(DATA BLOCK begins)

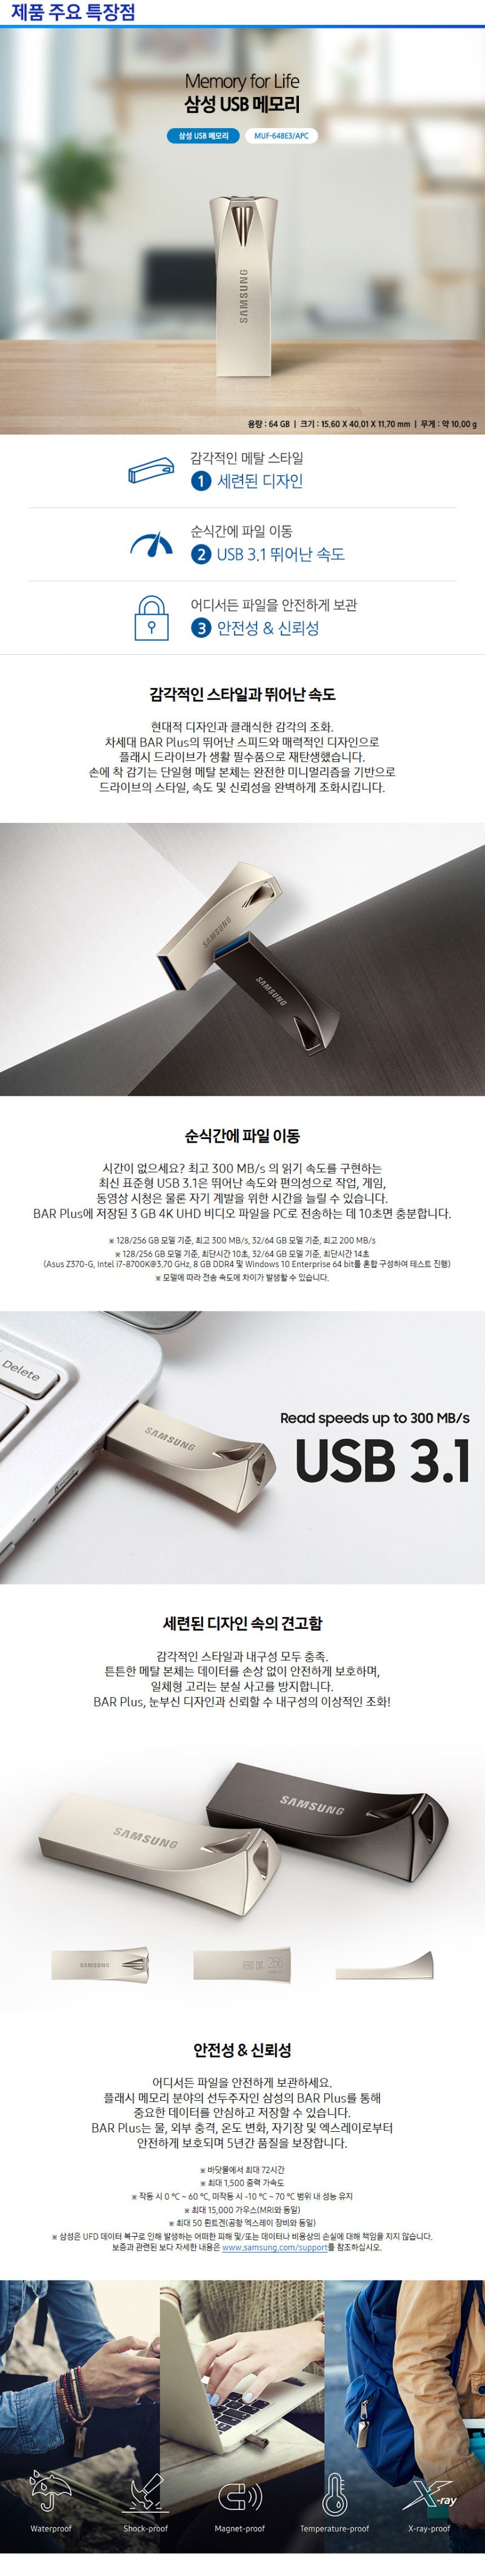 선택1 / 002 삼성 USB 3.1 BAR PLUS 골드색상
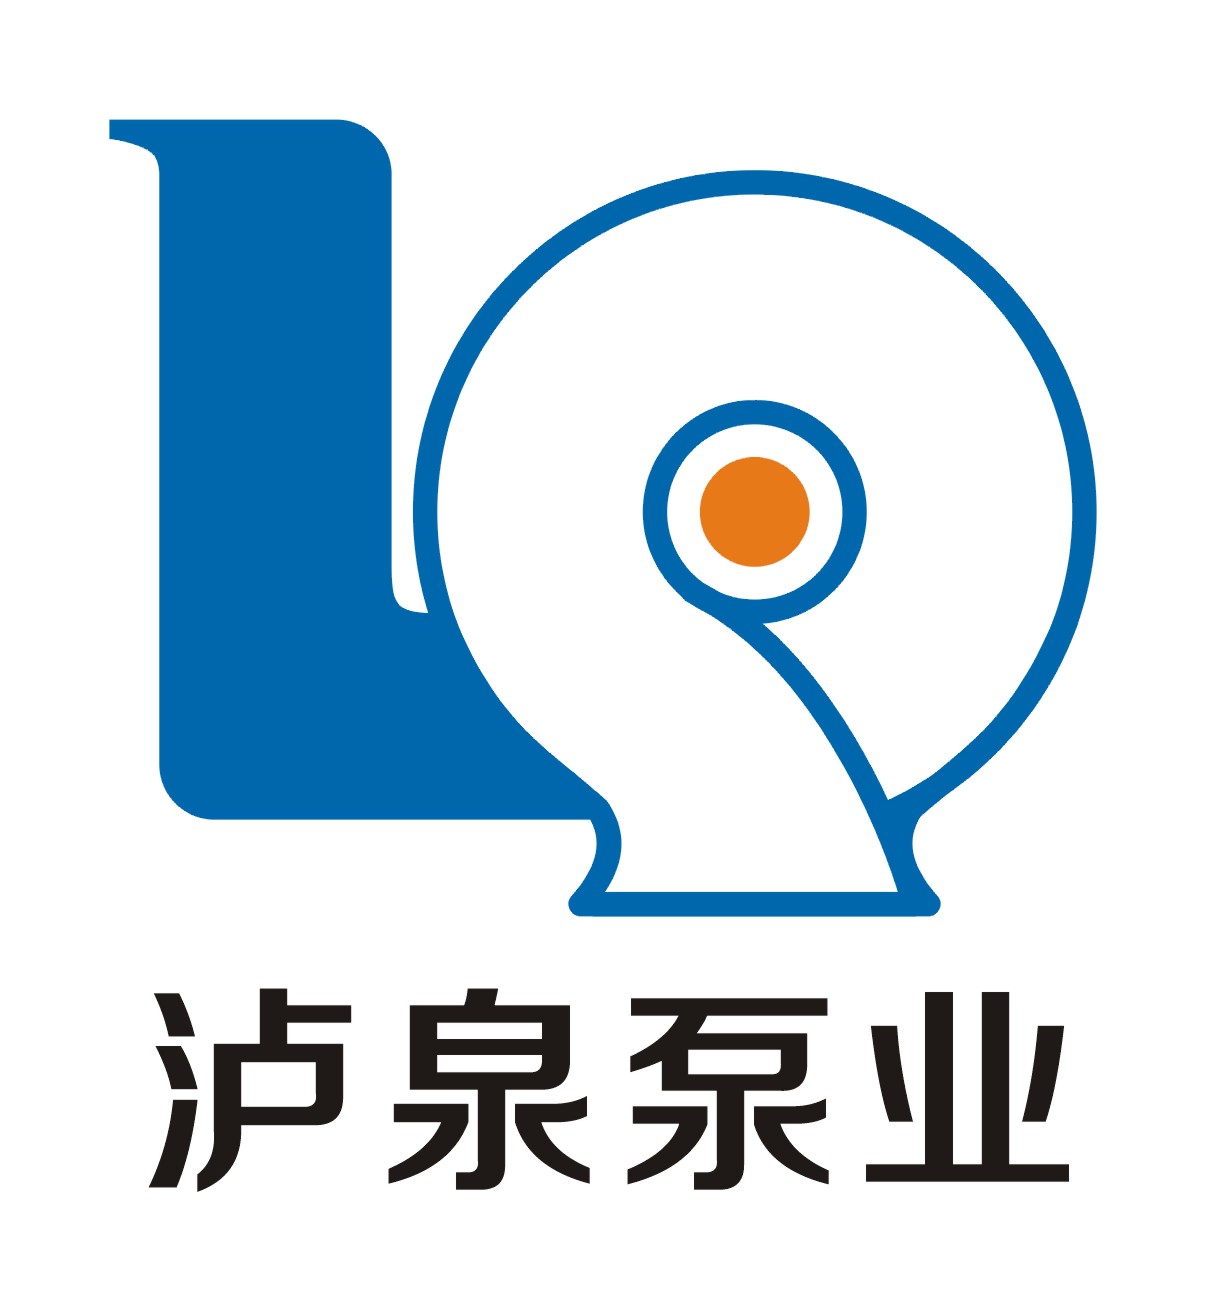 上海泸泉泵业有限公司
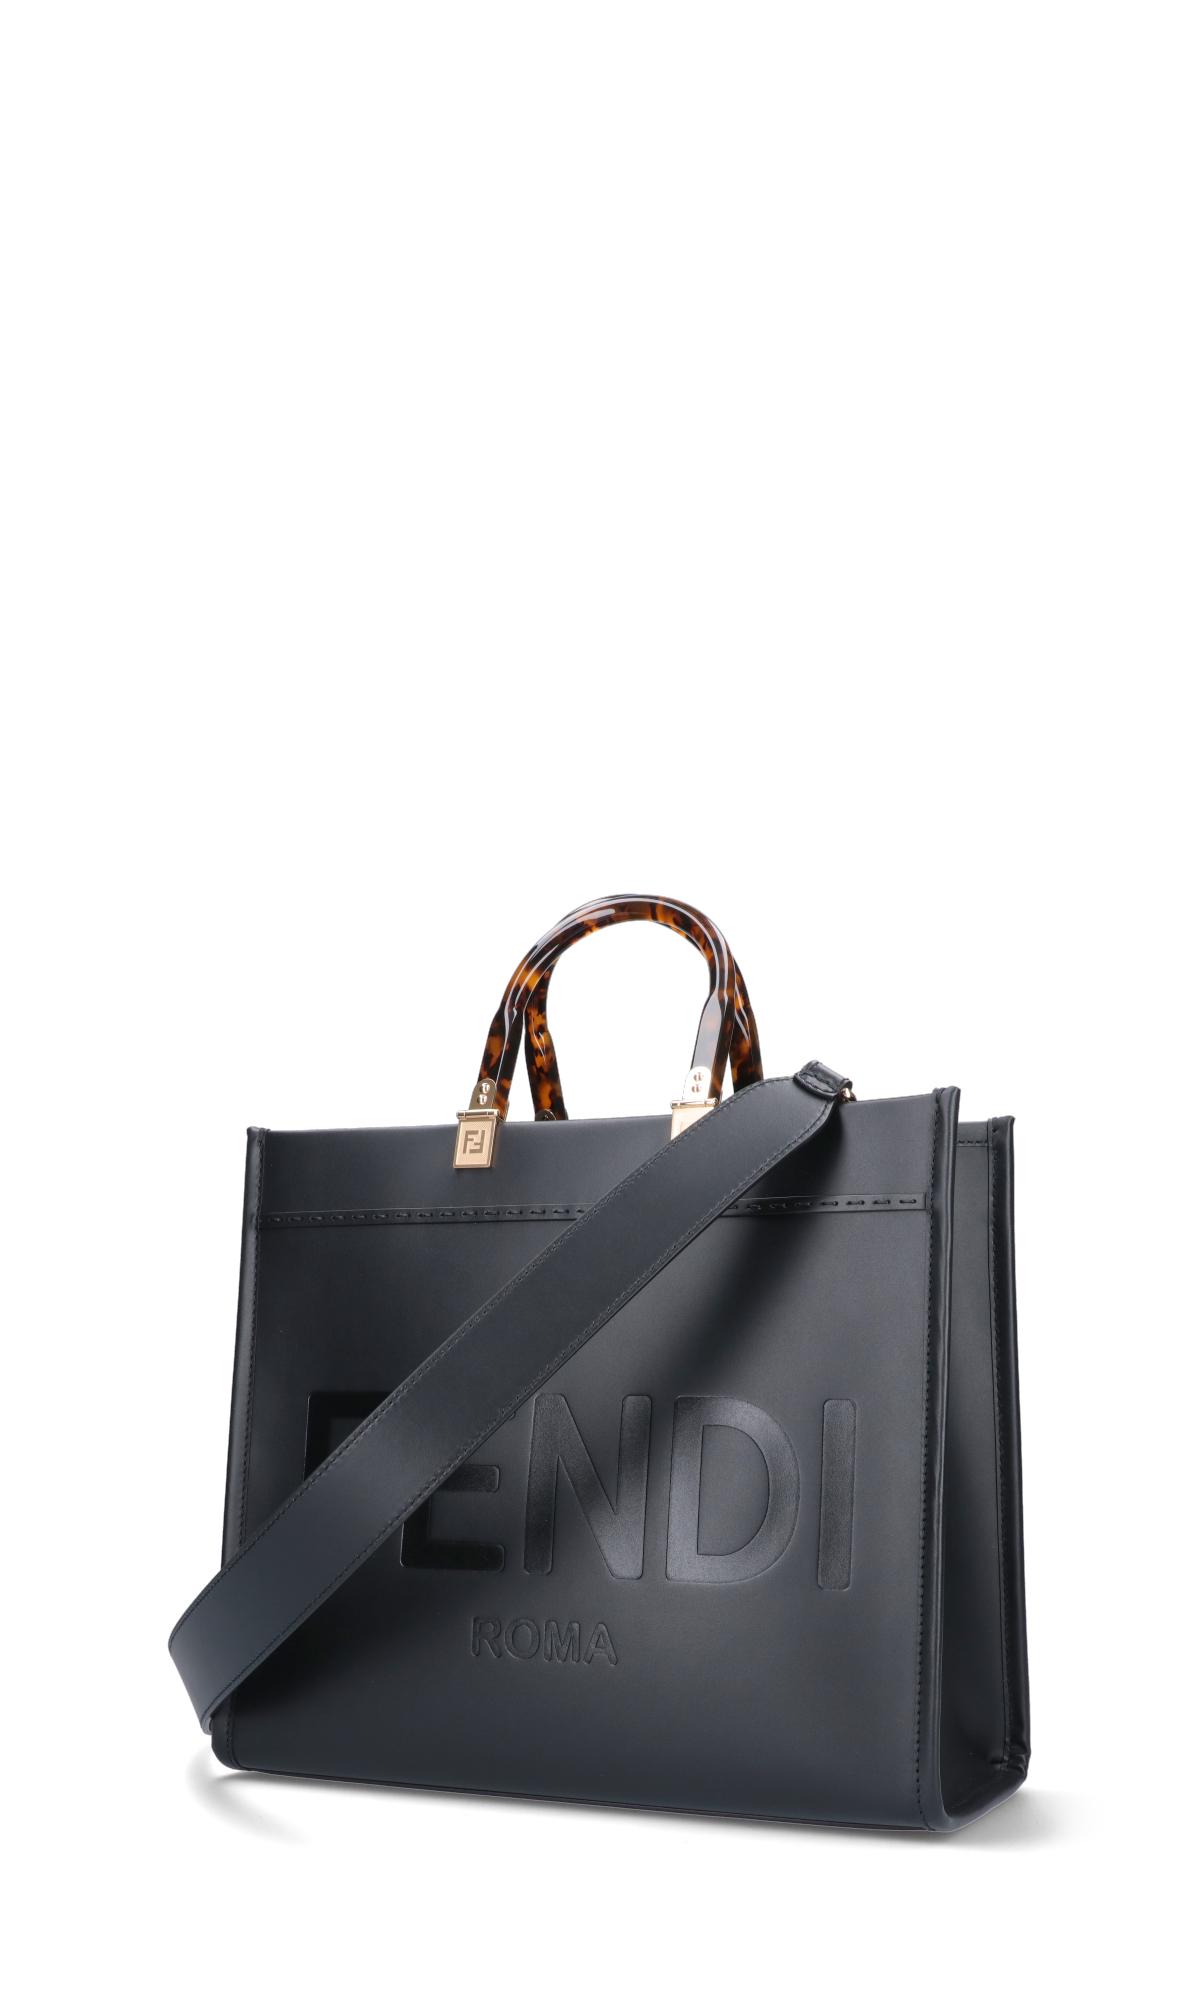 Fendi 'sunshine' Medium Tote Bag in Black
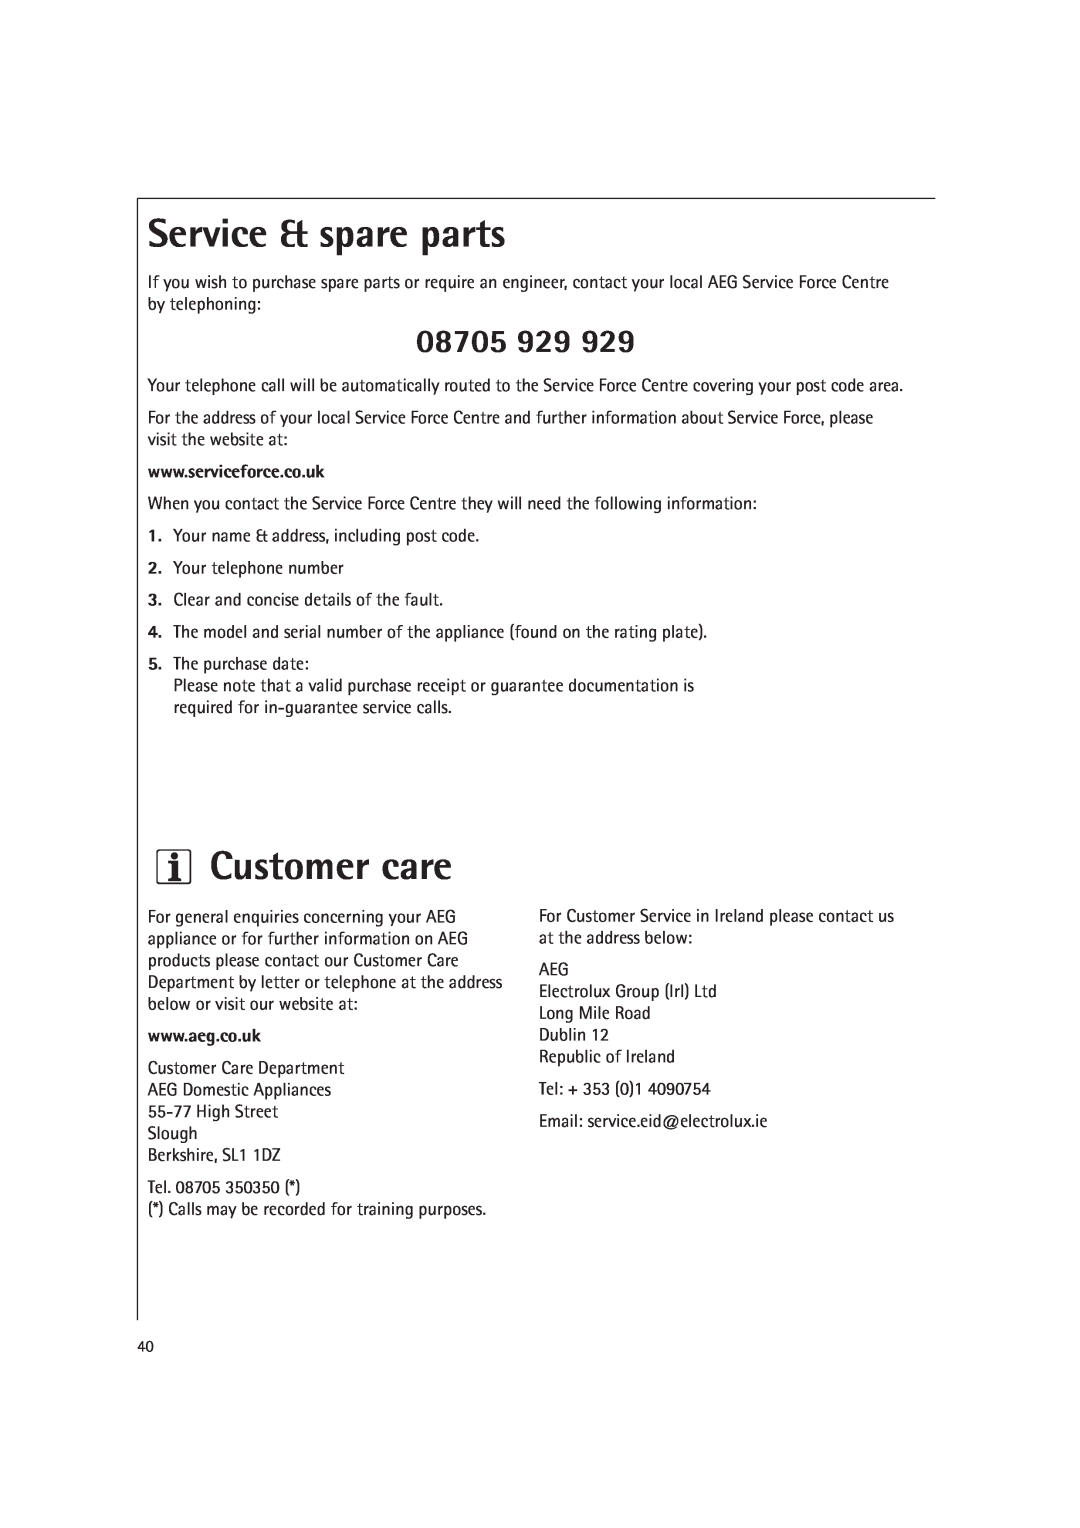 AEG MCD1761E, MCD1751E manual Service & spare parts, Customer care, 08705

(DATA BLOCK ends)

▶ _WORK ITEM_:
Retype the lines starting with the one that holds "Fendi 'sunshine' Medium Tote Bag in Black" and ending with the last line of the data above, both included; skip the pictures.

▶ _ANSWER AREA_:
 Fendi 'sunshine' Medium Tote Bag in Black
 AEG MCD1761E, MCD1751E manual Service & spare parts, Customer care, 08705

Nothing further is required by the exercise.